Given material:
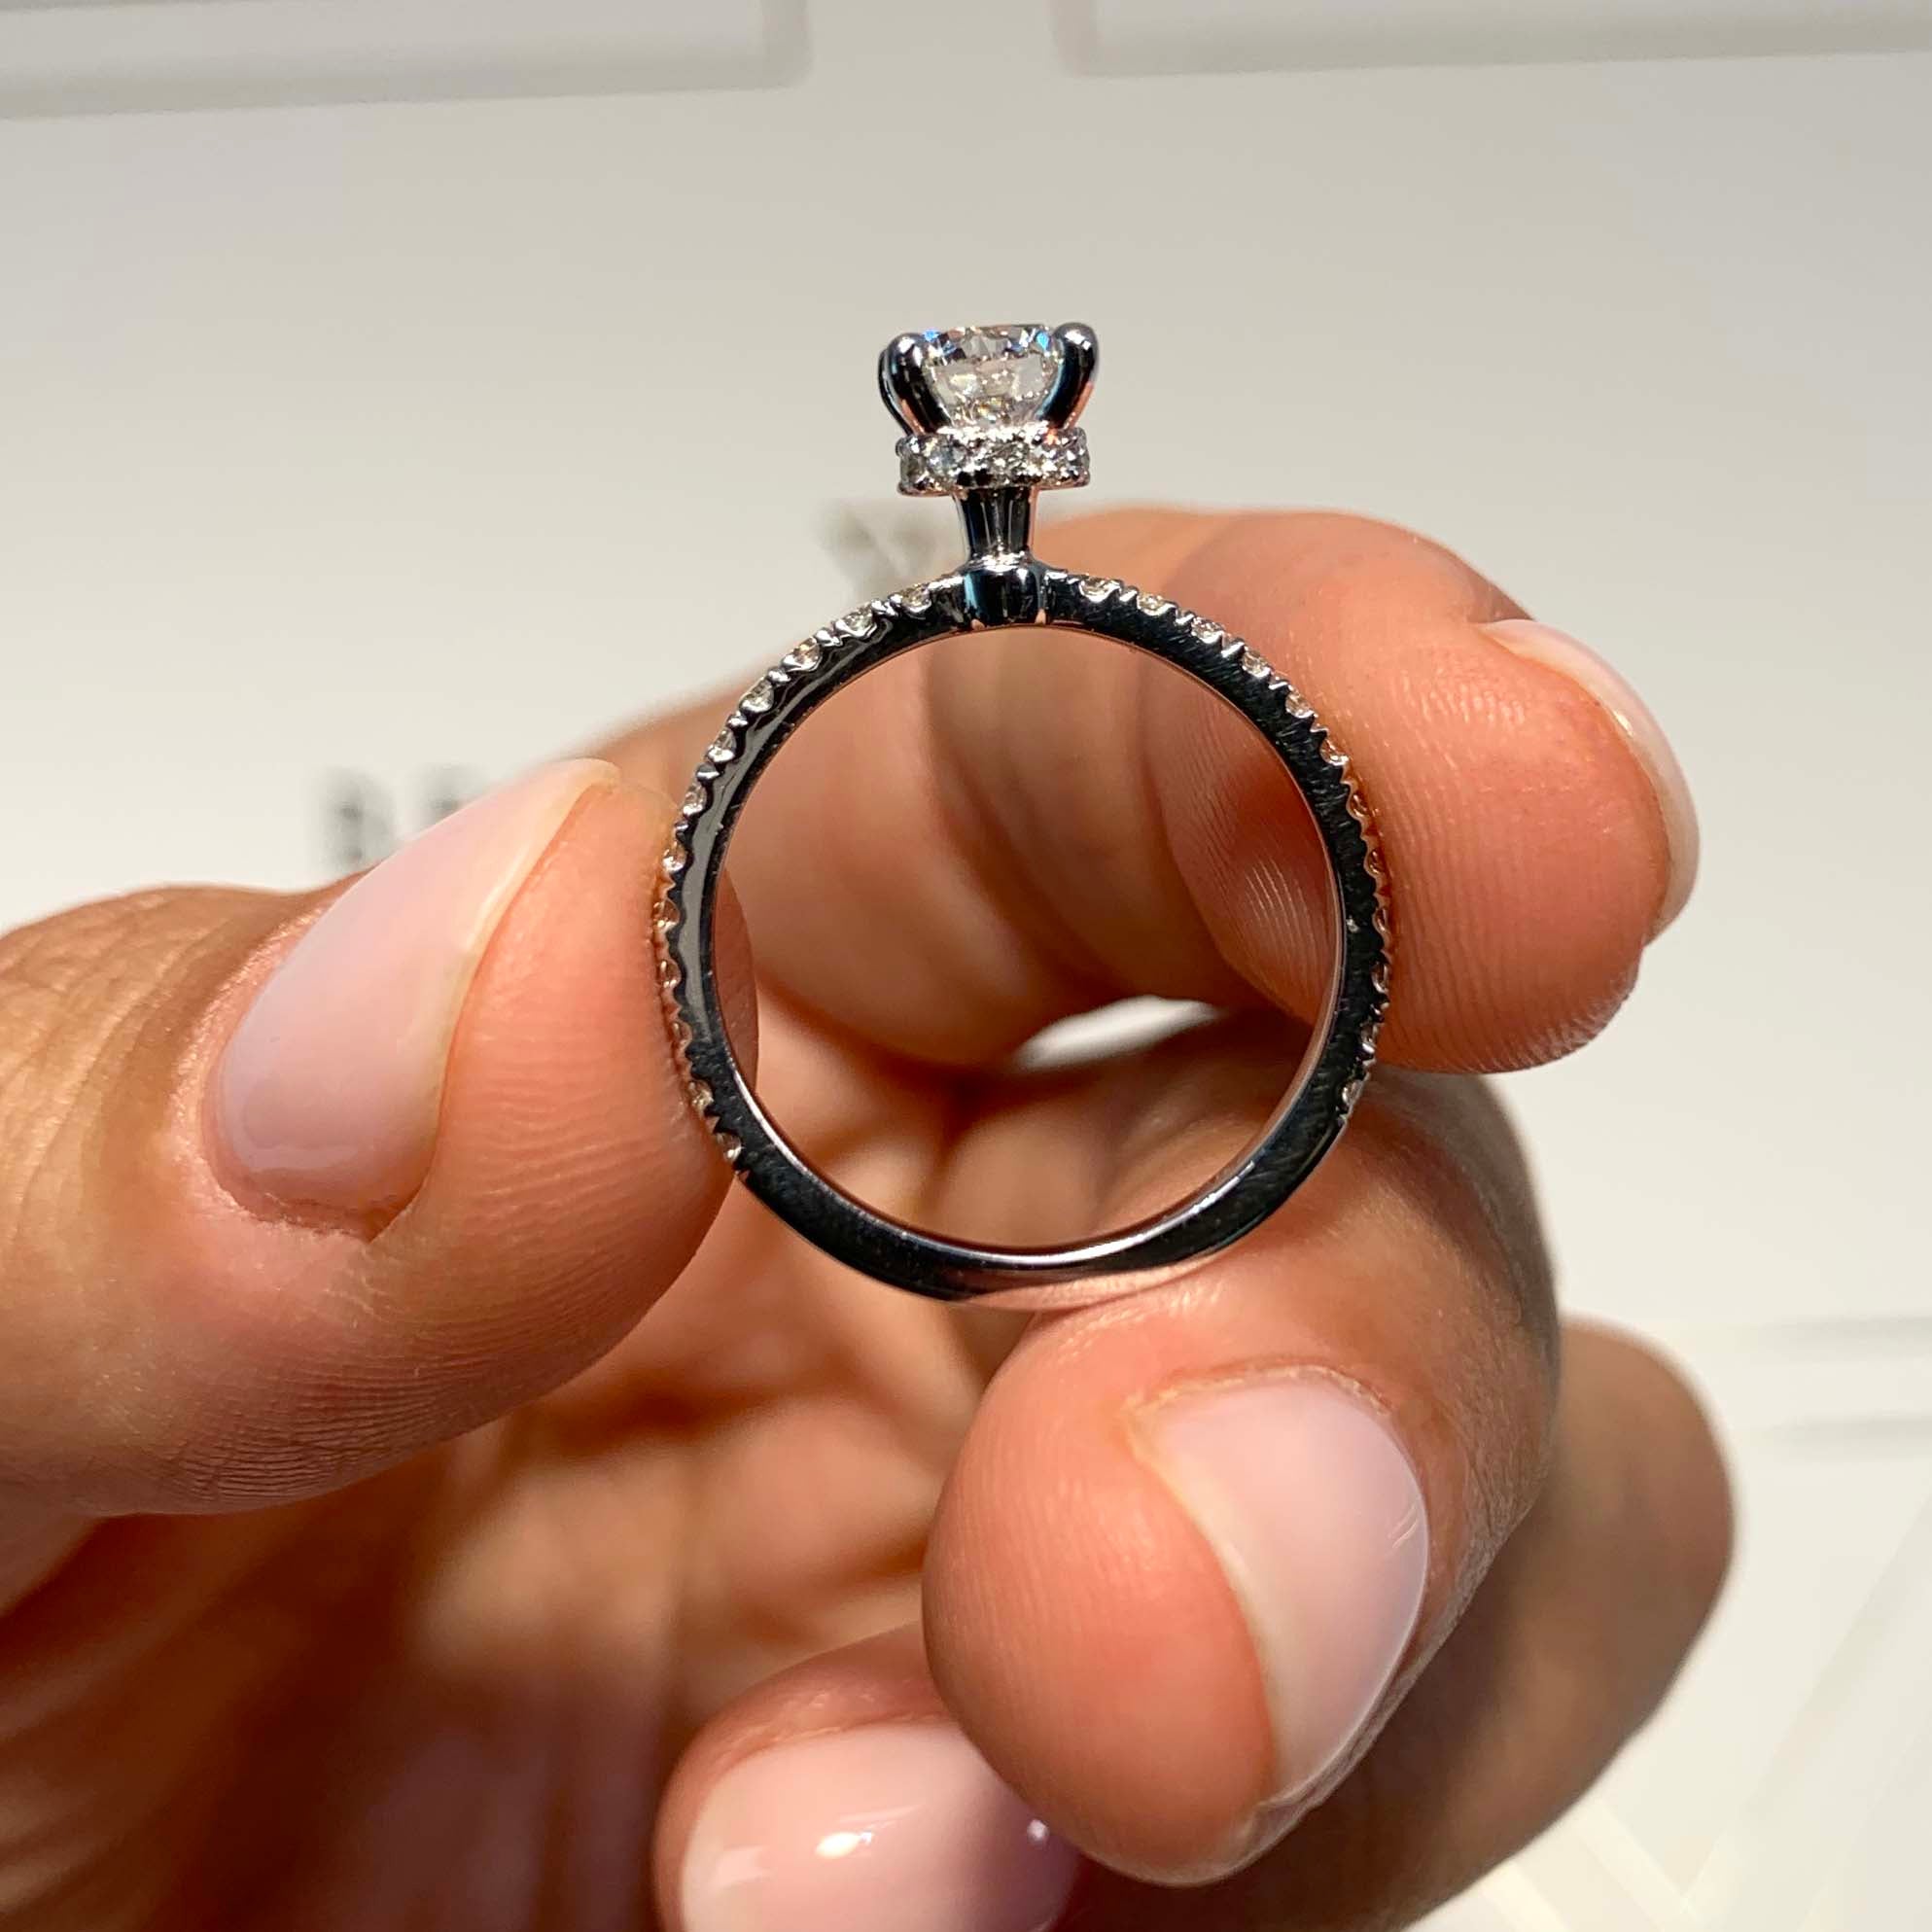 Vivienne Lab Grown Diamond Ring   (0.8 Carat) - 18K White Gold
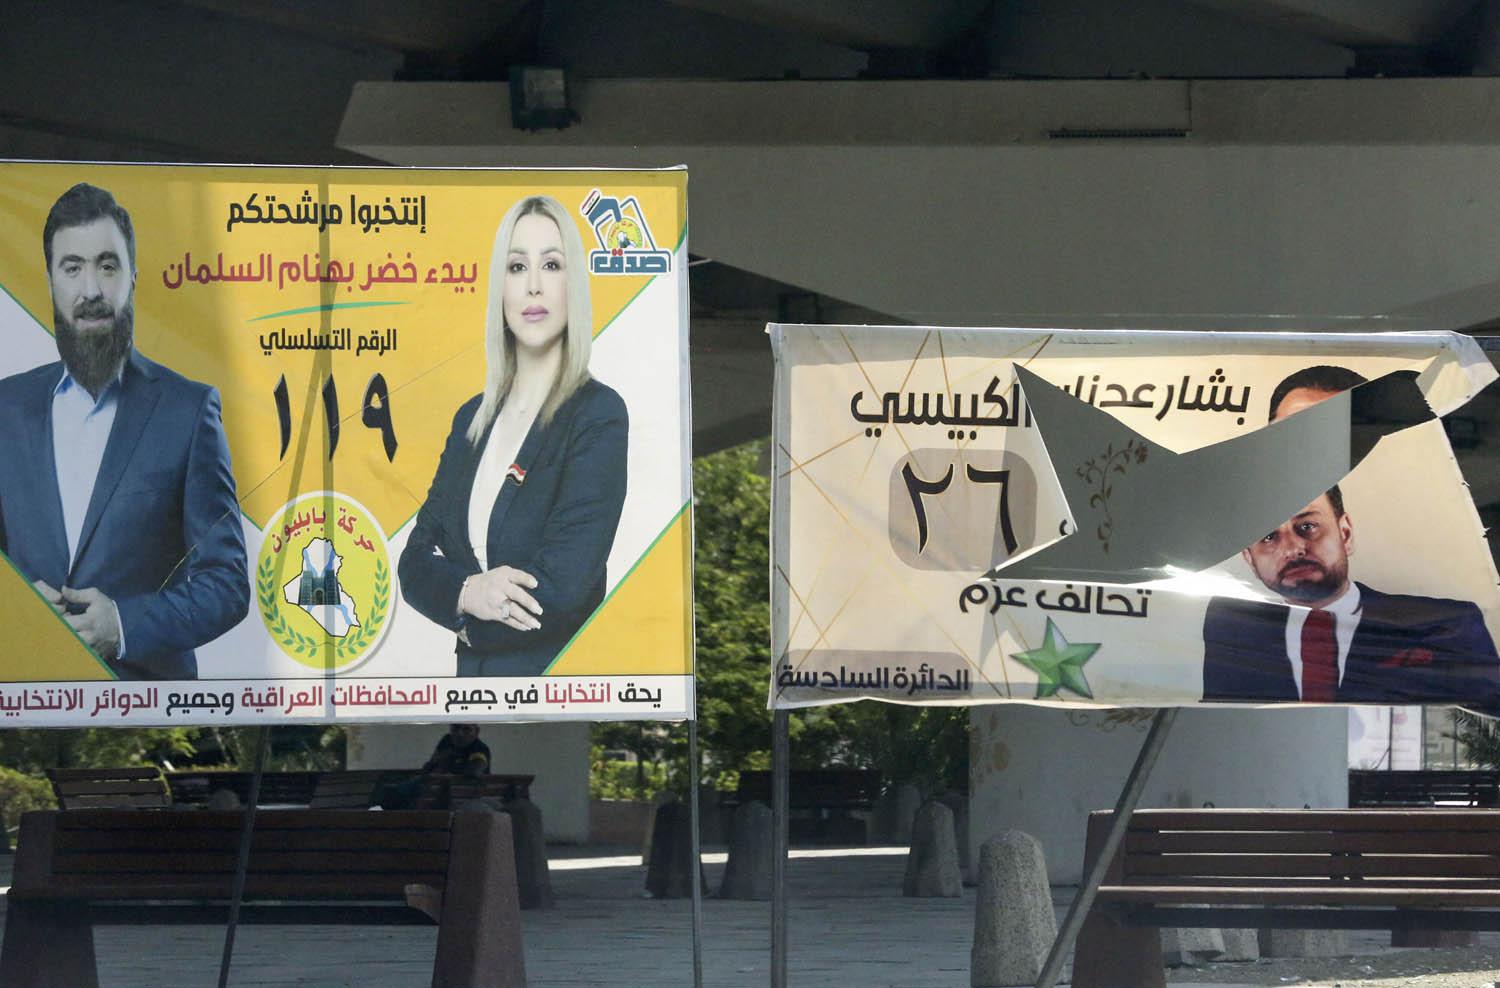 لافتات لمرشحين في الانتخابات العراقية في حي الاعظمية ببغداد
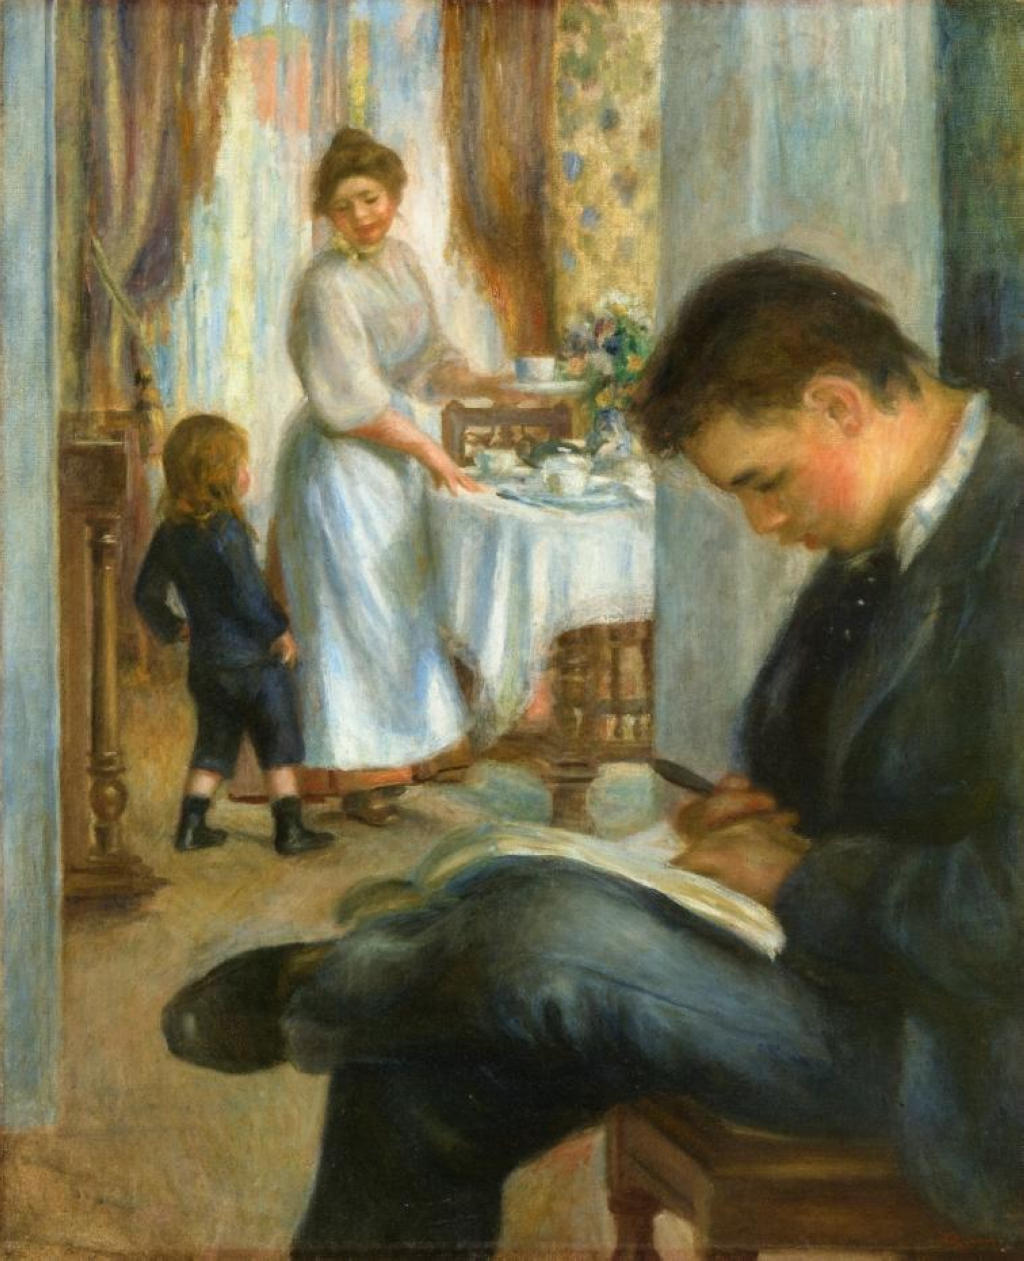 Breakfast at Berneval - Pierre-Auguste Renoir painting on canvas
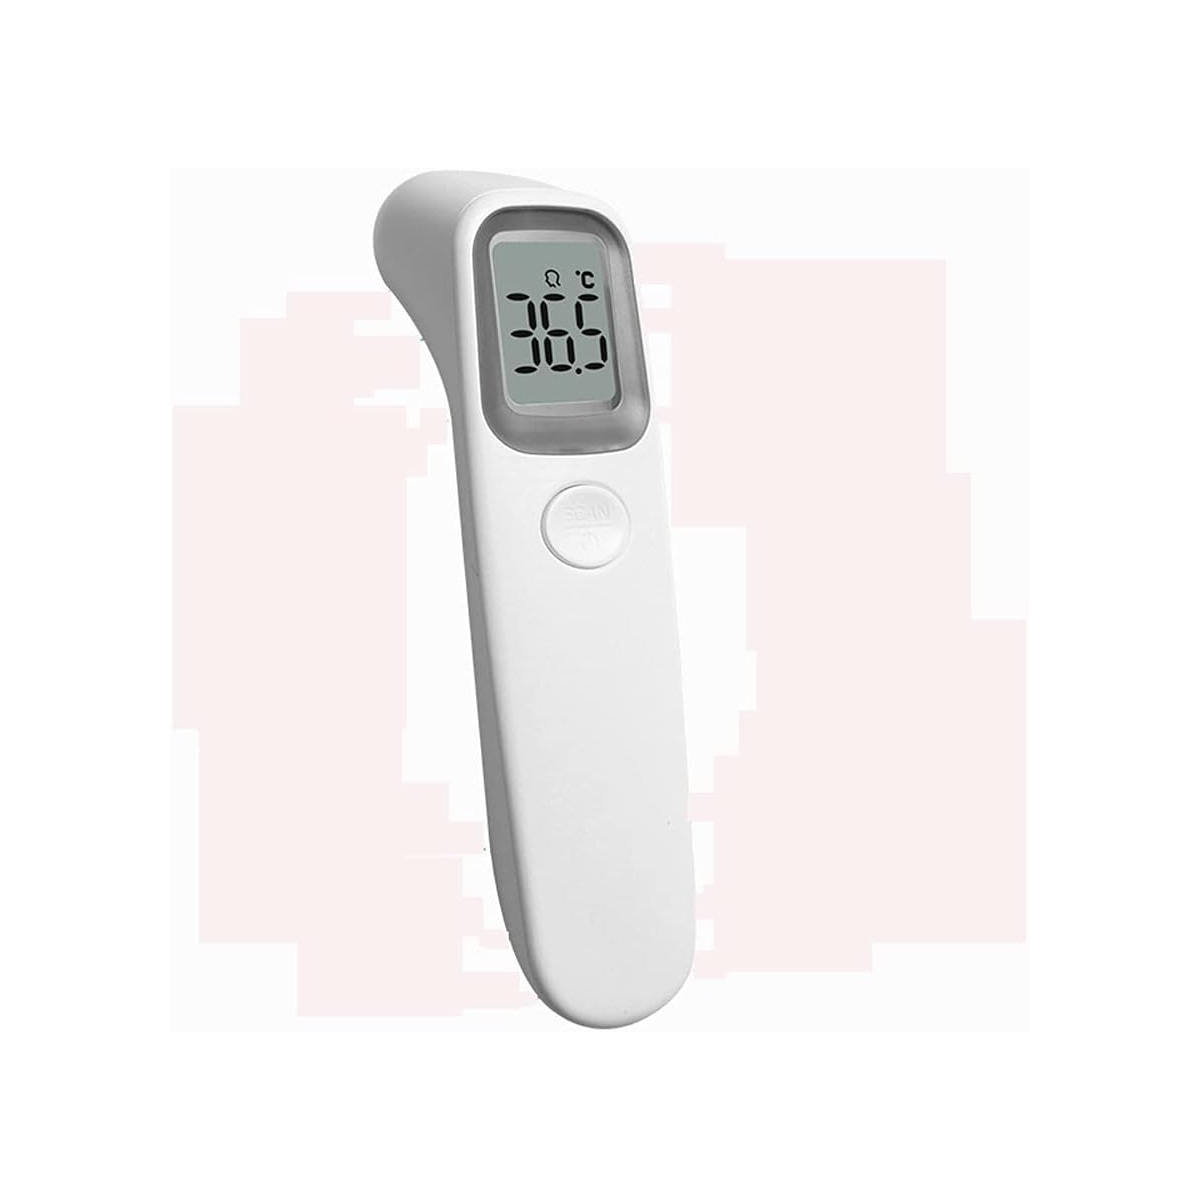 Termómetro Digital Infrarrojo Temperatura Corporal Distancia

Problem: In copying the material, drop all pictures and keep everything else identical.

Exercise solution:
 Vivienne Lab Grown Diamond Ring   (0.8 Carat) - 18K White Gold
 لافتات لمرشحين في الانتخابات العراقية في حي الاعظمية ببغداد
 Breakfast at Berneval - Pierre-Auguste Renoir painting on canvas
 Termómetro Digital Infrarrojo Temperatura Corporal Distancia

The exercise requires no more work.